After dealing with this fear for a while, we decided to install a simple roof heating system. The goal was not to keep the roof warm all winter, but simply to melt snow and ice quickly when needed.

After one winter of testing, the system works well. In this article we’ll describe how it works and what we learned.

Quick Specs

Roof surface: 2 x 2.1 m²

Heating cable: 12 m / 360 W per half

Heating density: ≈ 240 W/m²

Clearing time: 15–20 minutes

Energy per cycle: ~0.12 kWh

The Observatory Roof Design

Our observatory has a split roof architecture: two halves slide apart when opening.

The southern roof section slightly overlaps the northern one to ensure good waterproofing when the roof is closed.

Each half-roof is 1.6 m wide and about 1.3 m long, giving roughly:

2.1 m² per half roof
4.2 m² total roof surface

The roof panels are made of 1.5 mm aluminum sheet, with no thermal insulation.

The roof is not a simple slope. Instead, it uses four segments with different angles:

15°
45°
75°
90° (vertical edge)

Each of the first three segments is about 400 mm long, and the vertical edge is about 180 mm.

The reason for this unusual geometry is simple: telescope clearance.

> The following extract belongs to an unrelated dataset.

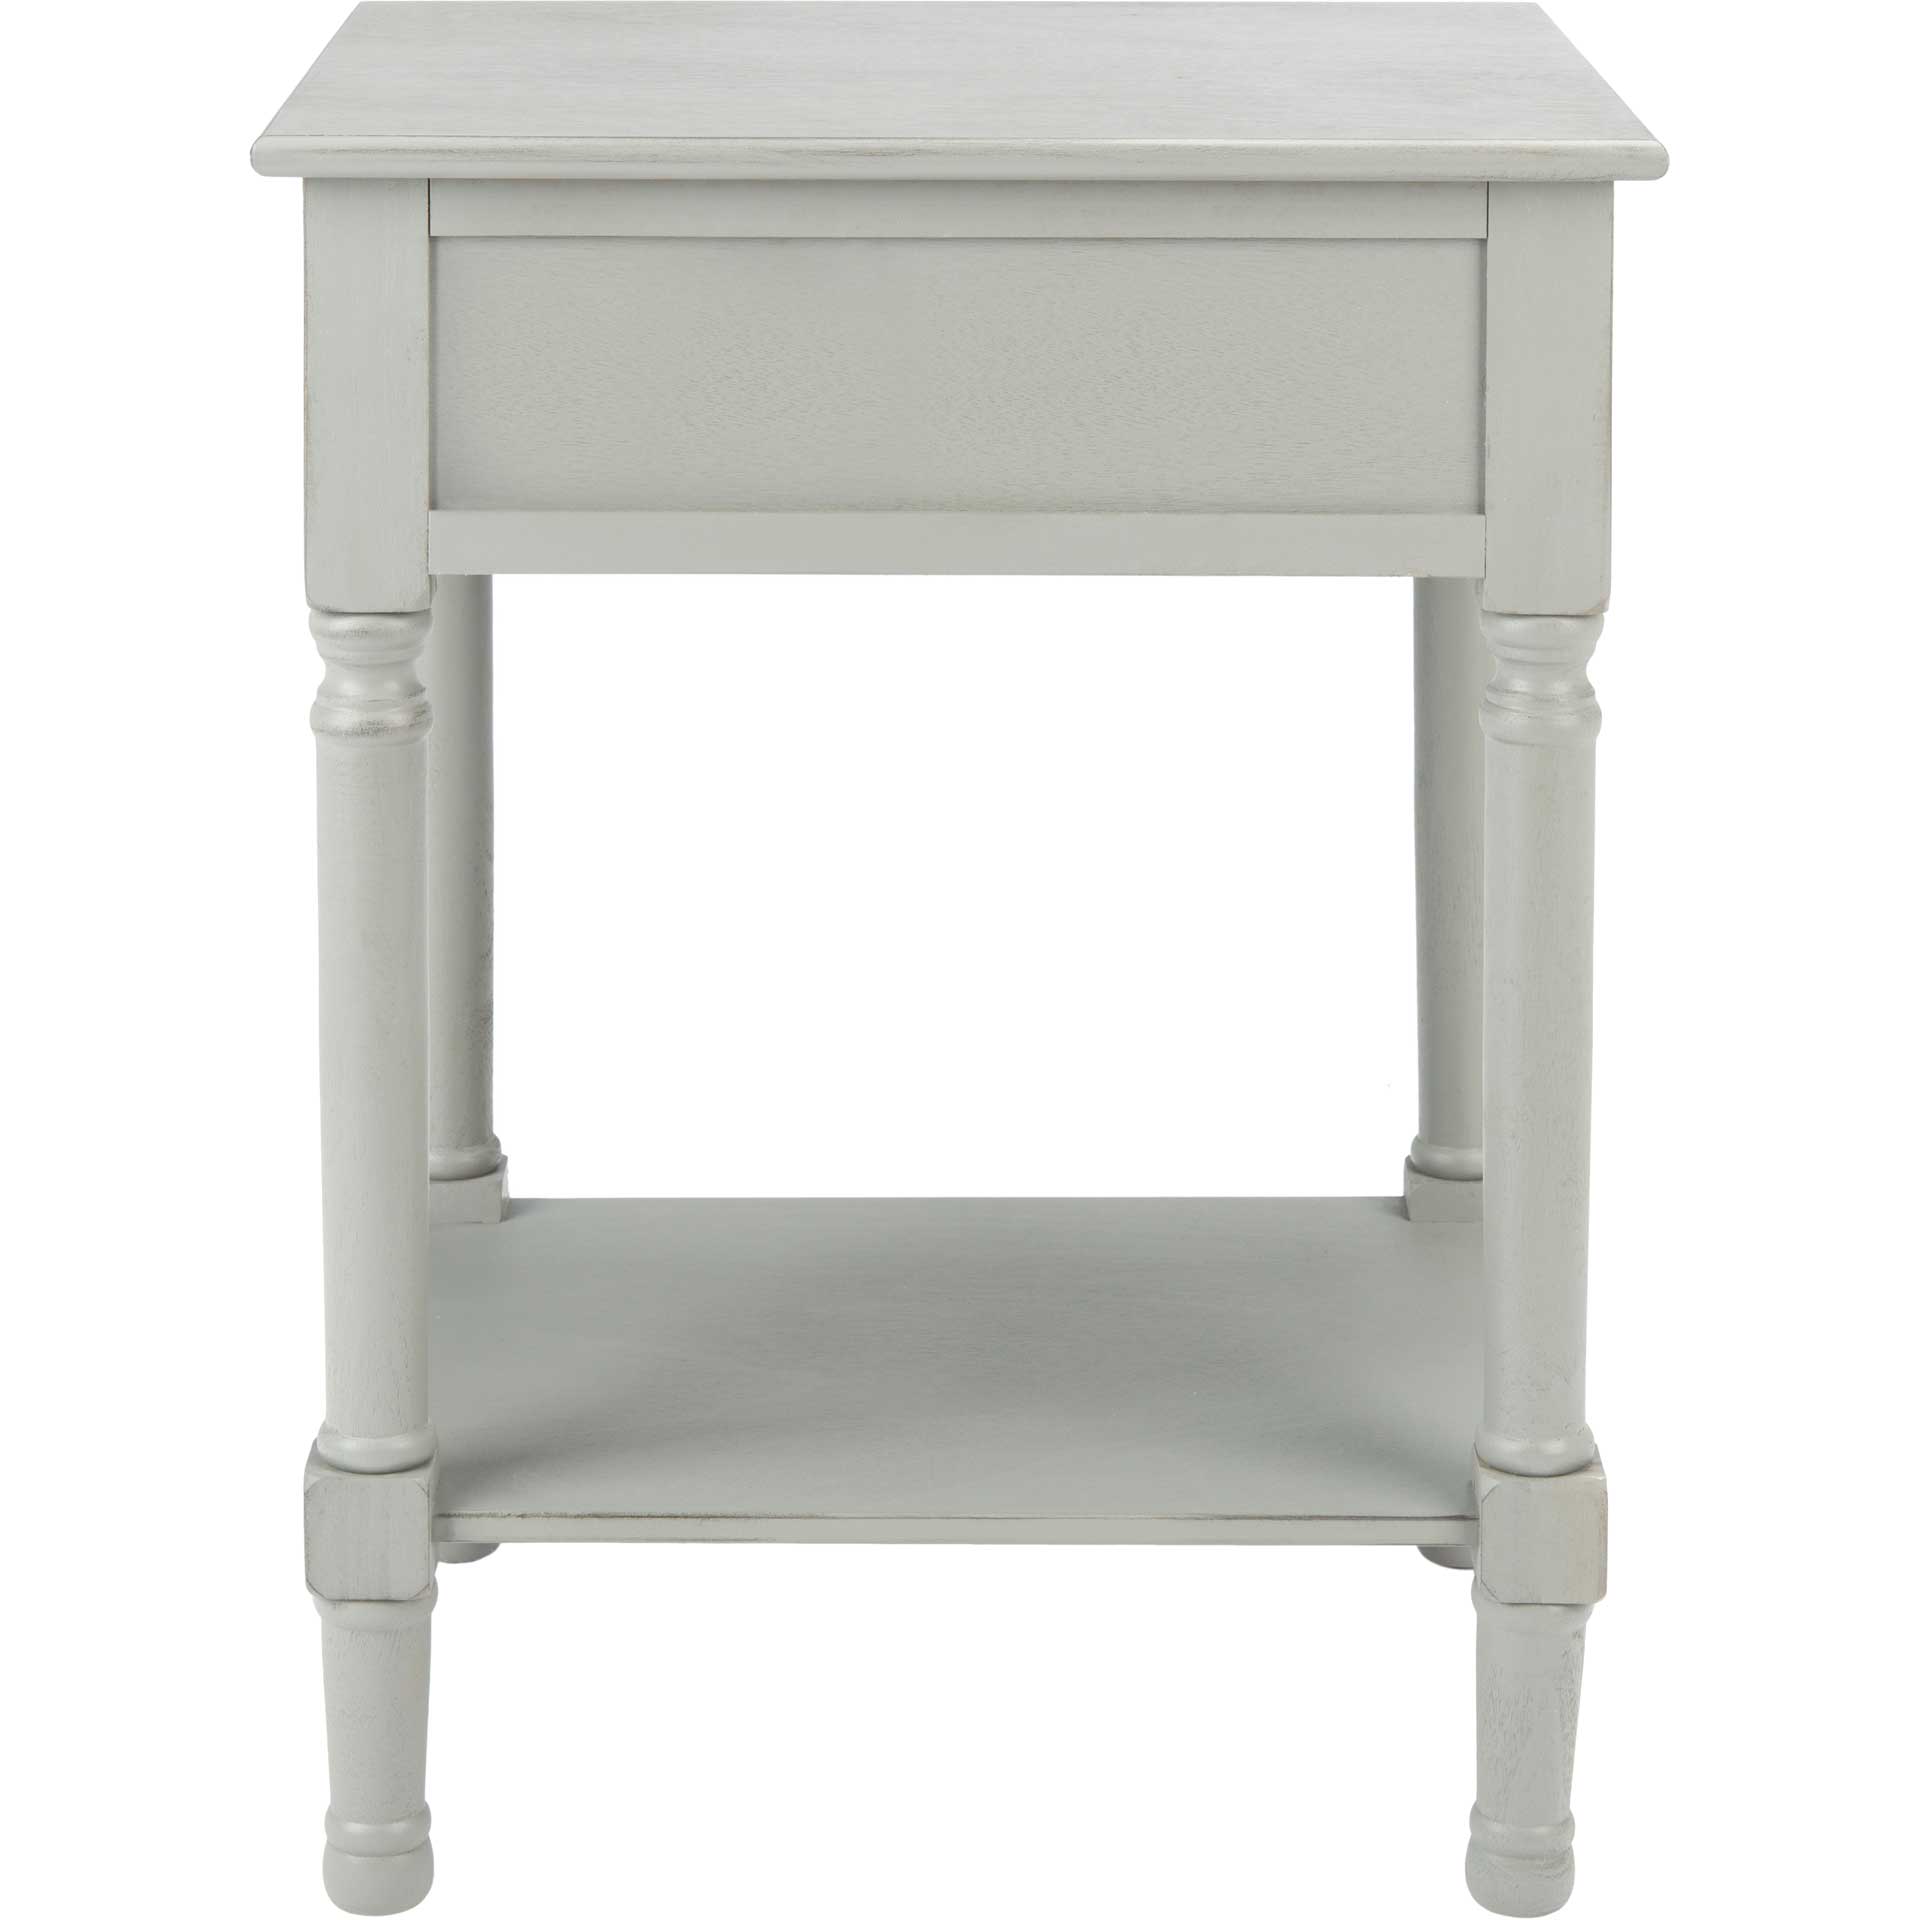 Haleigh 1 Drawer Accent Table Distressed Gray

When a telescope moves, it describes what I like to call a “clearance sphere”. The roof shape was designed to minimize the building height while still allowing the telescope to move freely in every direction.

Choosing the Heating Cable

For heating we use a DOJA constant-power heating cable:

Length: 12 m
Power: 360 W
Voltage: 220–230 VAC

This corresponds to roughly 30 W per meter.

We use a constant power cable rather than a self-regulating one because the system is only used occasionally. When it runs, we simply apply full power.

Power Density

Currently the cable heats about 1.5 m² of roof surface.

That gives:

360 W / 1.5 m² ≈ 240 W/m²

This turns out to be a very good value for melting snow and ice on metal surfaces.

Later I plan to extend the cable to 18 m, increasing power to 540 W per half-roof, which keeps the same power density across the entire surface.

Installing the Cable

The cable runs across the roof in horizontal back-and-forth lines, spaced roughly 25 cm apart.

To ensure good thermal contact with the aluminum sheet, the cable is fixed using:

3M aluminum tape (reference 1436 - 50 mm width)

Before applying the tape, we cleaned the aluminum thoroughly with isopropyl alcohol. This step is essential for good adhesion. No glue gun was needed in my case — the aluminum tape holds the cable quite well.

Electrical Installation

The heating system is powered through a dedicated circuit:

10 A circuit breaker (GE G61 B10)
230 V AC supply
1.5 mm² shielded cable

The heating cable connections use spade crimp connectors, which are enclosed inside a small electrical junction box for safety.

Because the roof structure is aluminum, proper grounding of the roof is absolutely essential.

Control System

Instead of full automation, I chose a simple manual control system.

The heater is controlled by my IPX800 automation controller, with three buttons:

Heat for 15 minutes
Heat for 60 minutes
Stop heating

Each button also displays a progress bar, which makes it easy to see how much heating time remains.

This approach has two advantages:

The system cannot run indefinitely by mistake
It keeps the design simple and reliable

Since snow only occurs 5–10 times per year, manual activation is perfectly acceptable.

Real-World Performance

The system has already been tested in real winter conditions.

Typical conditions:

Temperature: down to –12 °C
Snow thickness: 10–15 cm on the upper segment

Results:

Snow or ice melts in about 15–20 minutes.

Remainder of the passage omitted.